> _Required work_: For this exercise, write out only the lines of the entries below from the one with "An antique Arts" up to and including the one with "Measures - 22.25'' H x 17.25'' W x 17.25''", exactly as they are. Pictures stay out.

> _Exercise data_:
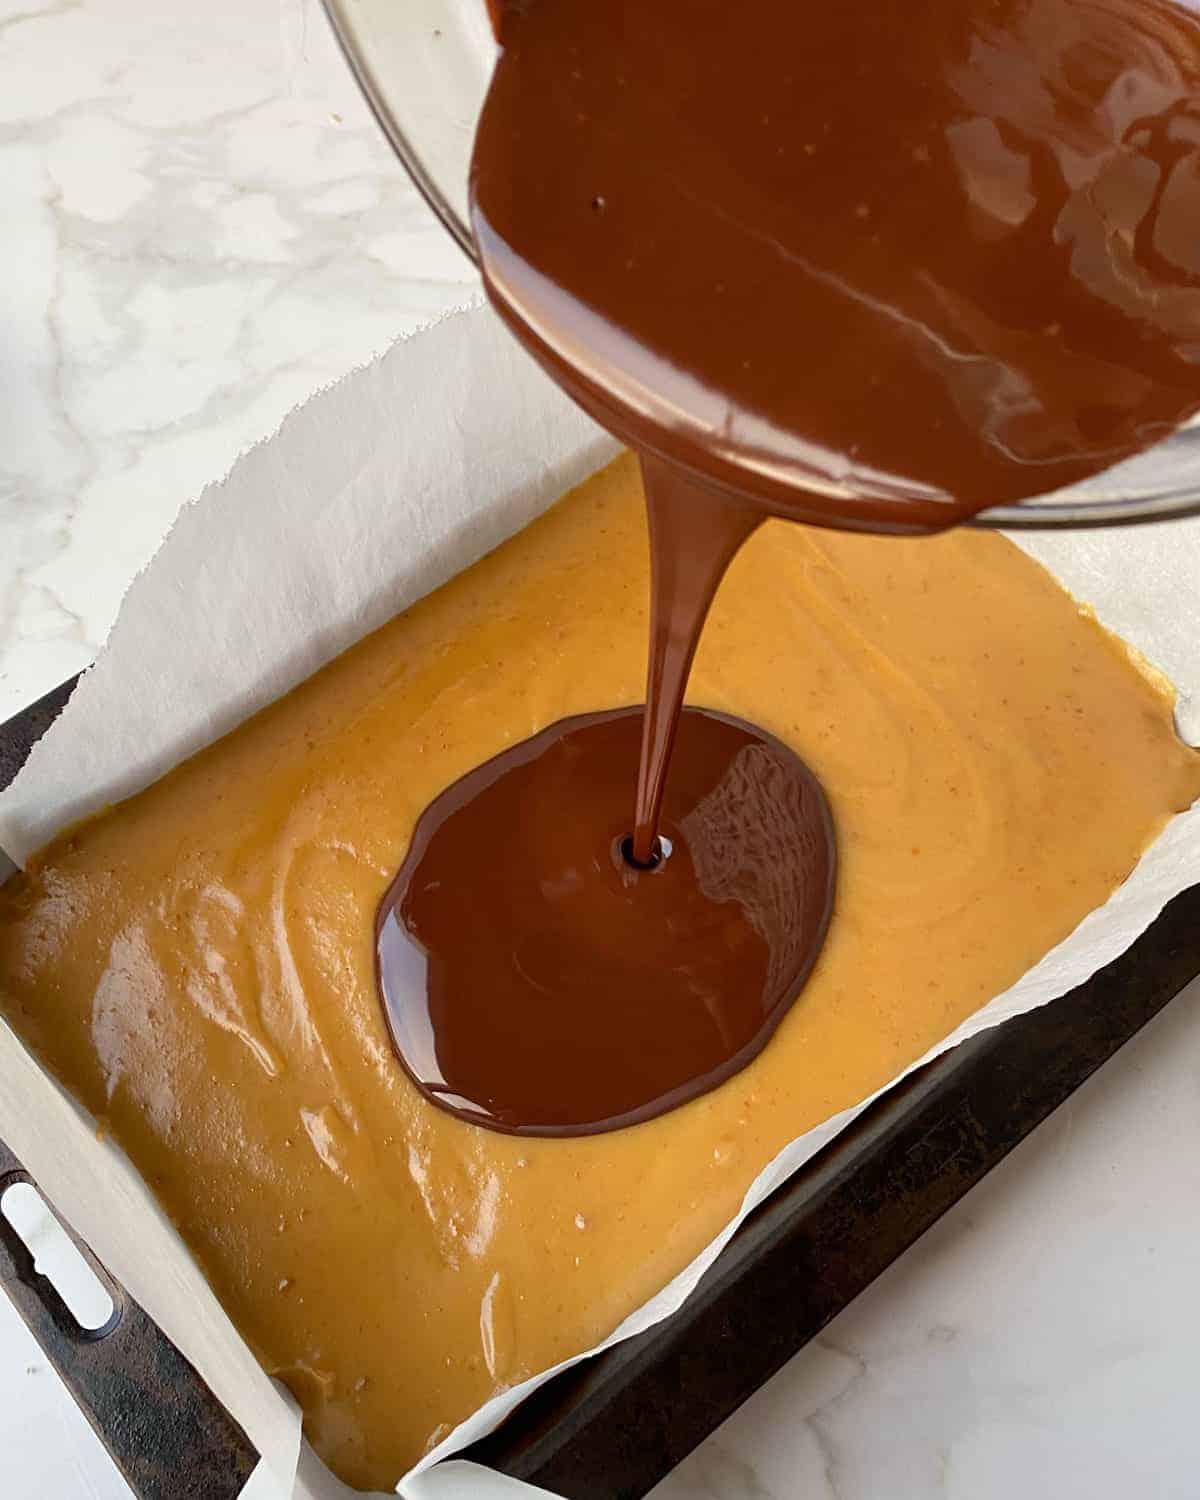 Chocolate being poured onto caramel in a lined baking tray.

---

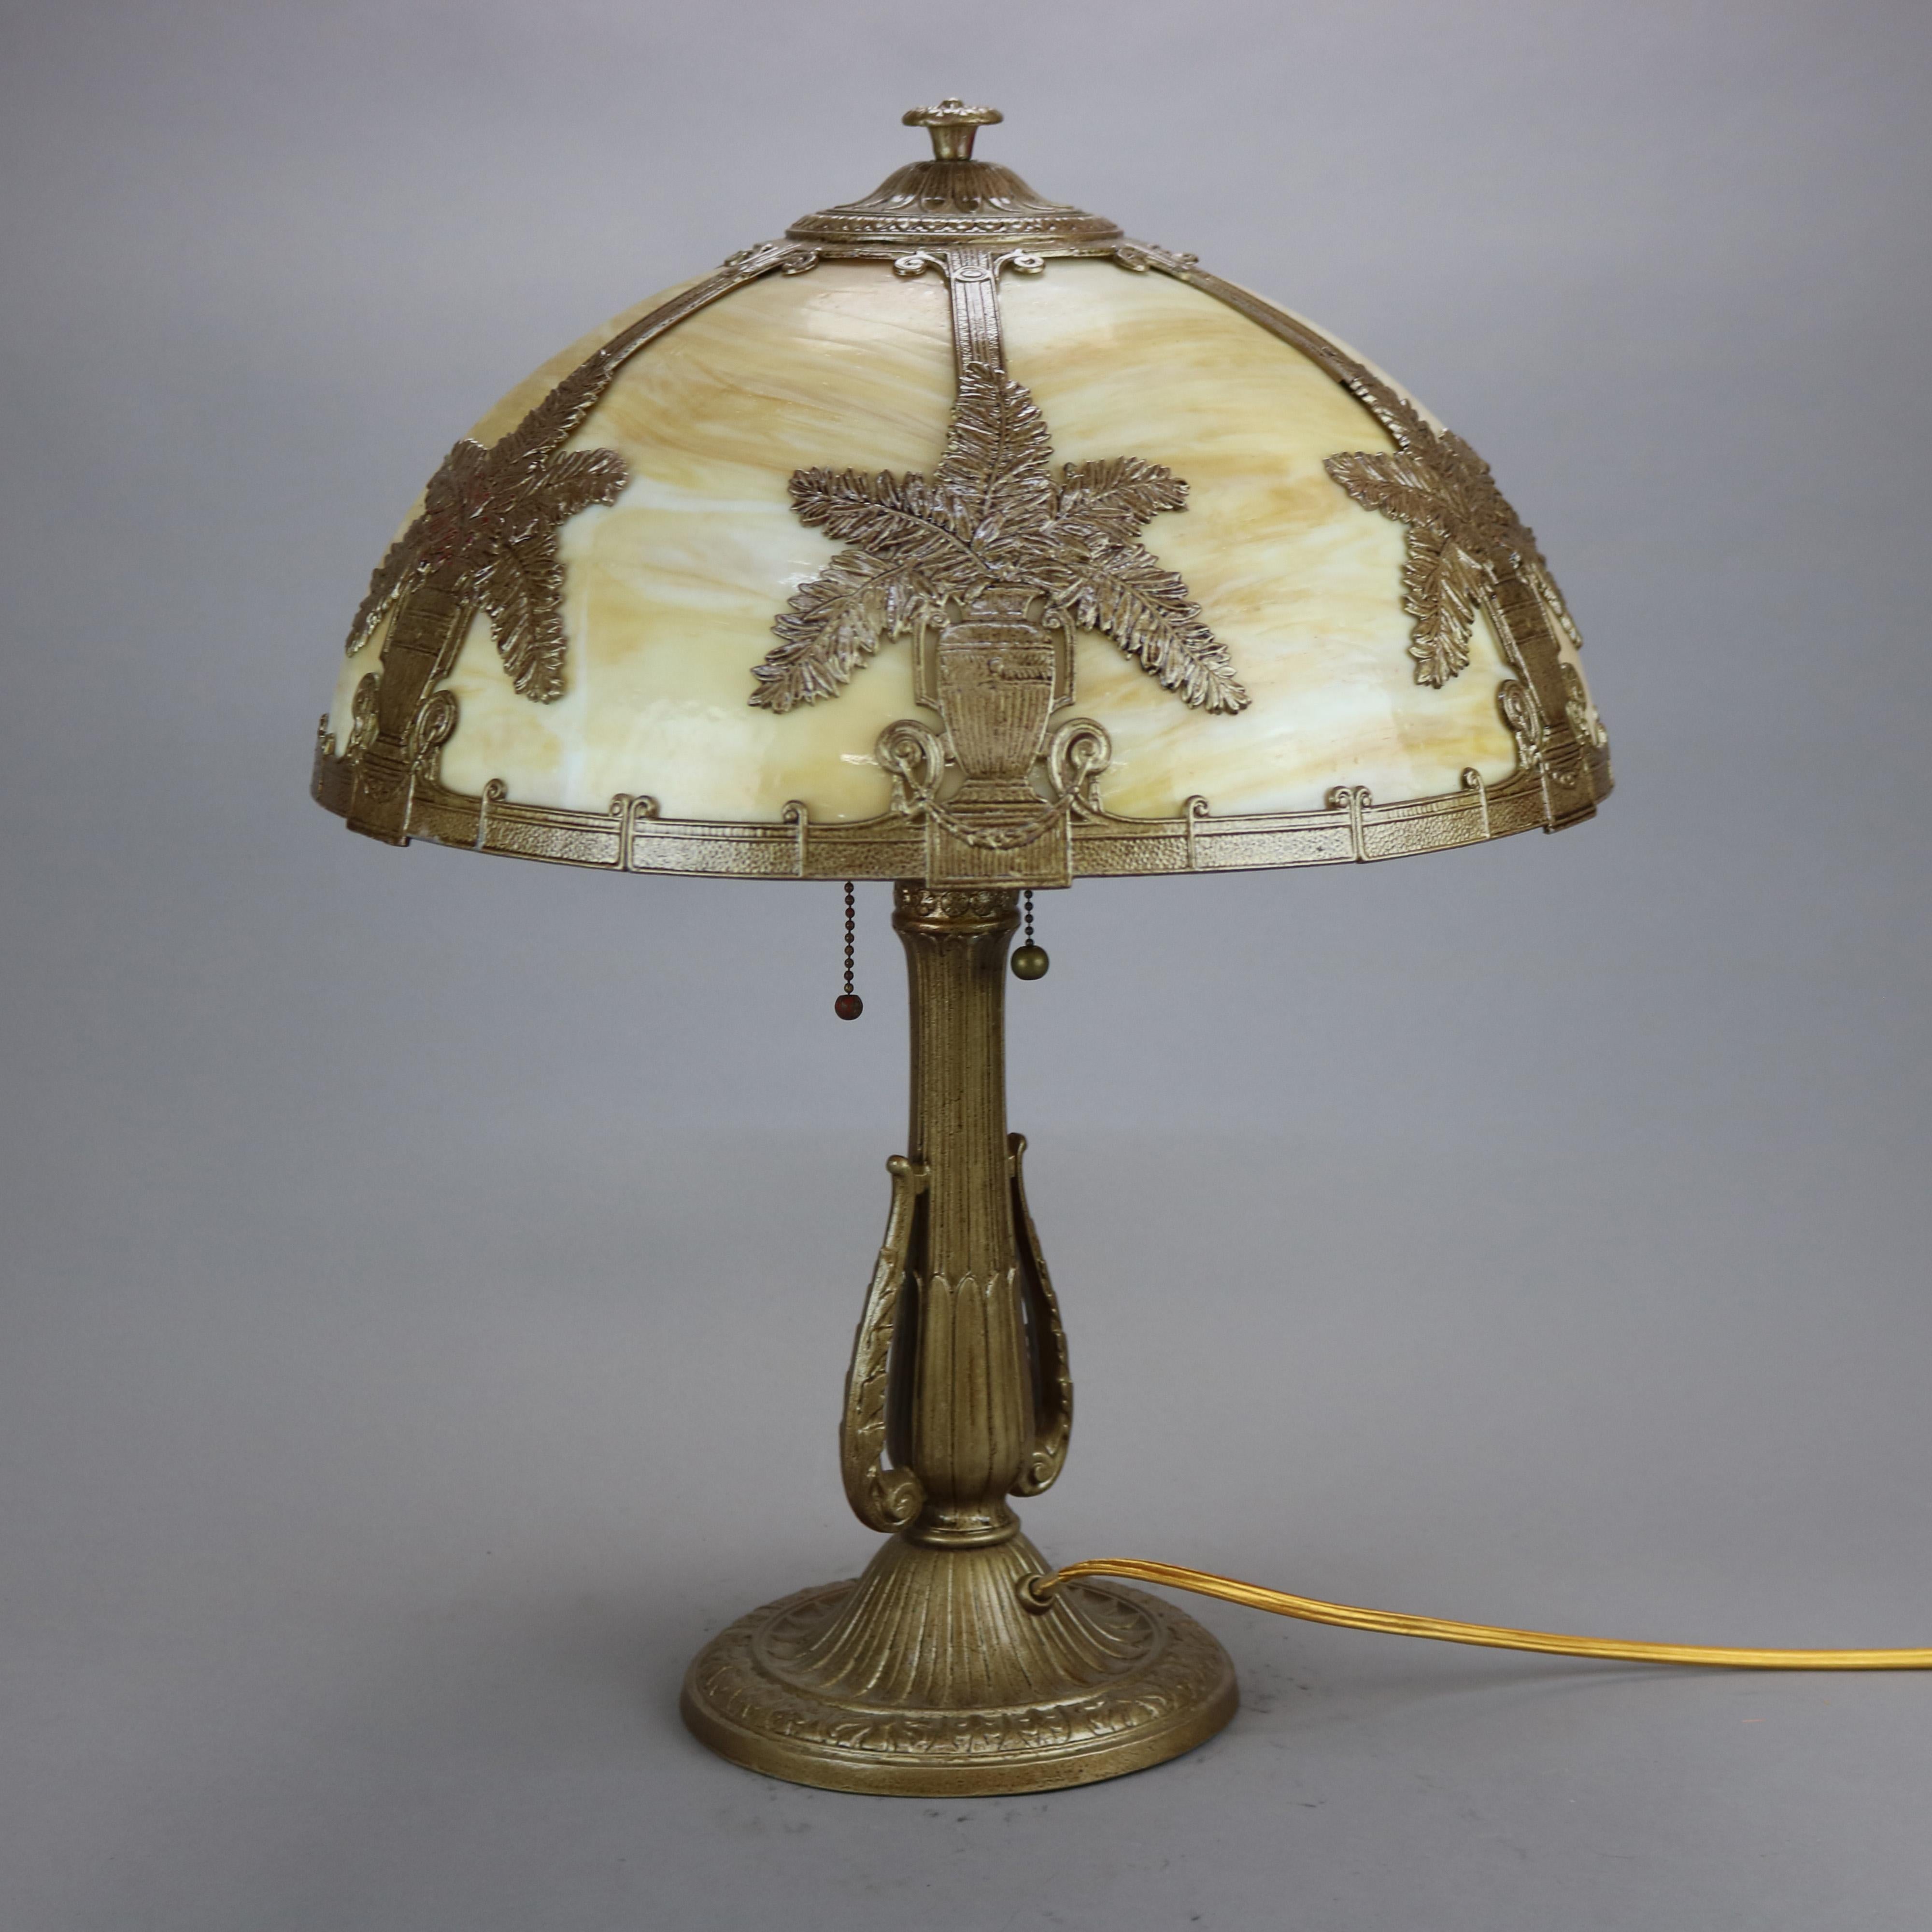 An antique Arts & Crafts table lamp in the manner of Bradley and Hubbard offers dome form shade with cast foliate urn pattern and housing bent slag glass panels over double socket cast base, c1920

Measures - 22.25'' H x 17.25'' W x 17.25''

> _Written answer_:
 An antique Arts & Crafts table lamp in the manner of Bradley and Hubbard offers dome form shade with cast foliate urn pattern and housing bent slag glass panels over double socket cast base, c1920

Measures - 22.25'' H x 17.25'' W x 17.25''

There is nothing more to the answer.